Кроме того, я часто вижусь с Антонином Дворжаком. Хотя мой взгляд обращен в сторону запада, и я мечтаю в один прекрасный день выступить в главной роли на сцене оперного театра Вены, а то и Парижа, мистер Дворжак несколько месяцев назад убедил меня разучить еще несколько чешских песен на музыку, которую он написал. Способность к языкам у меня есть, вне зависимости от того, что в них творится с гласными, вот я и решила сделать композитору приятное, ведь он, как-никак, сейчас пользуется в Лондоне большим почетом. При этом не думай, что я готова всю свою жизнь провести в провинции, растратив там свой талант. Нет, ни за что, сколь бы роскошным и утонченным ни было мое окружение!»
(При чтении подобных строк во мне вспыхивала надежда на возвращение моей подруги. Вскоре она угасла – из последующих писем я узнала, что Ирен досталась одна из главных ролей в «Кармен», что она наняла немецкого репетитора по вокалу, чтобы освоить песни Шумана, идеально подходившие ее глубокому бархатному голосу, и по-прежнему ездит на прогулки, танцует и обедает с Вилли. Когда на отрывном календаре за 1886 год осталось совсем немного листков, я получила от Ирен послание, извещавшее меня об очередных кардинальных переменах в ее жизни. – П. Х.)
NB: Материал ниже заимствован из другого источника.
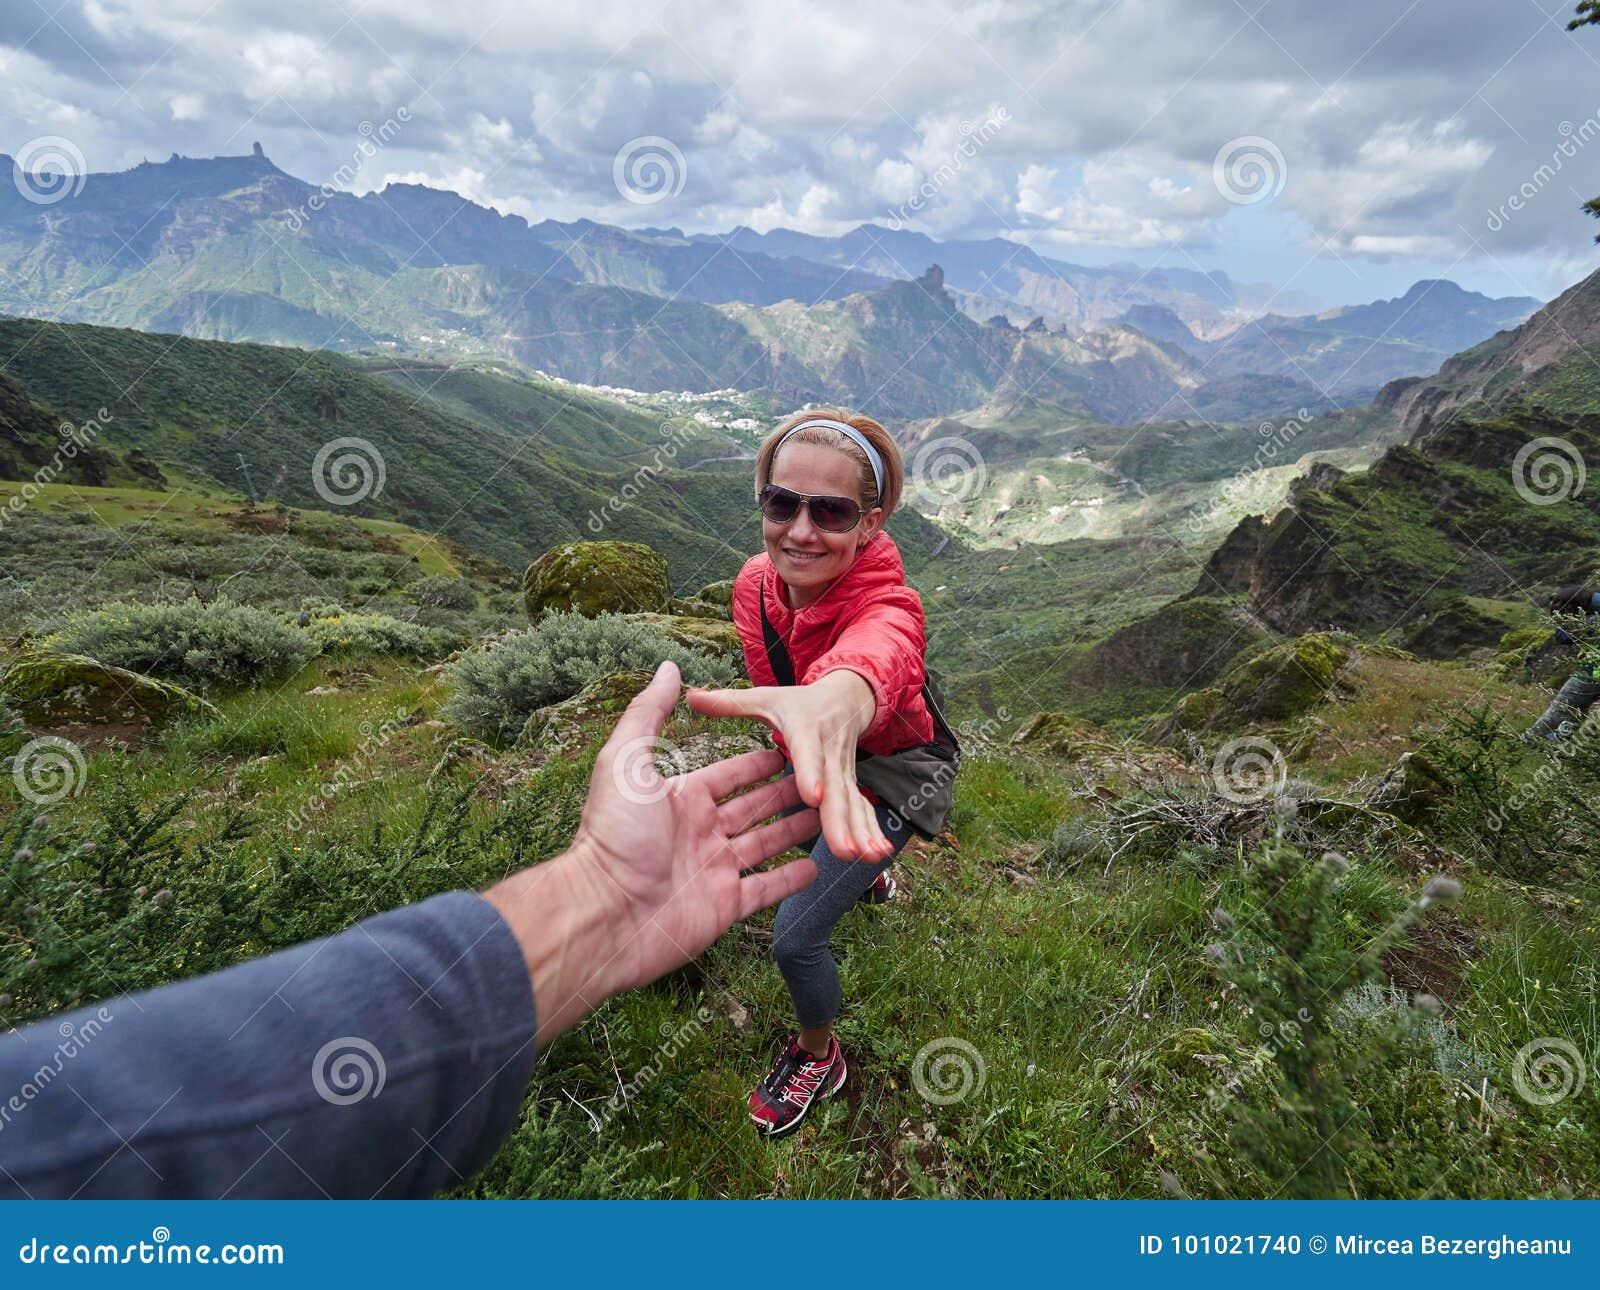 Νέος τουρίστας γυναικών στην αλπική ζώνη το καλοκαίρι, άνδρας που βοηθά την

«Как я и хотела, дорогая Пенелопа, мой путь наконец лежит на запад, однако он не столько далек, как мне бы хотелось. Благодаря дару убеждения мистера Дворжака, который, как оказалось, несмотря на свою простоту и благодушие, на удивление властный человек, мне предстоит выступить примадонной нового Национального театра в Праге. (Да, за исключением концертов, я буду петь только по-чешски. Насколько это будет сложно, ты поймешь, когда я скажу тебе, как кличут мою новую костюмершу. Ее зовут Петронилла Аншквич. Только представь, на всю фамилию всего лишь две гласных!)
Конечно же, меня изо всех сил уговаривал и кронпринц. Он заверил меня, что Прага – старинный многонациональный город, и я там нисколько не буду скучать ни по Варшаве, ни даже по Лондону. (Конечно же, солнышко, я всегда буду скучать по тебе. Никакой принц не заставит меня забыть тебя – мою лучшую и самую верную подругу.)
Милая Нелл, у меня нет слов, чтобы описать, как это здорово: одновременно перестать каждый день бороться за выживание и в то же время срывать розы долгожданного признания. Мне поют дифирамбы, с меня сдувают пылинки, щедро платят и вообще обращаются как с королевой. Мне кажется, я нашла, наконец, место под солнцем, и пусть я живу вдали от родины, среди чужих мне людей, чувствую я себя как дома.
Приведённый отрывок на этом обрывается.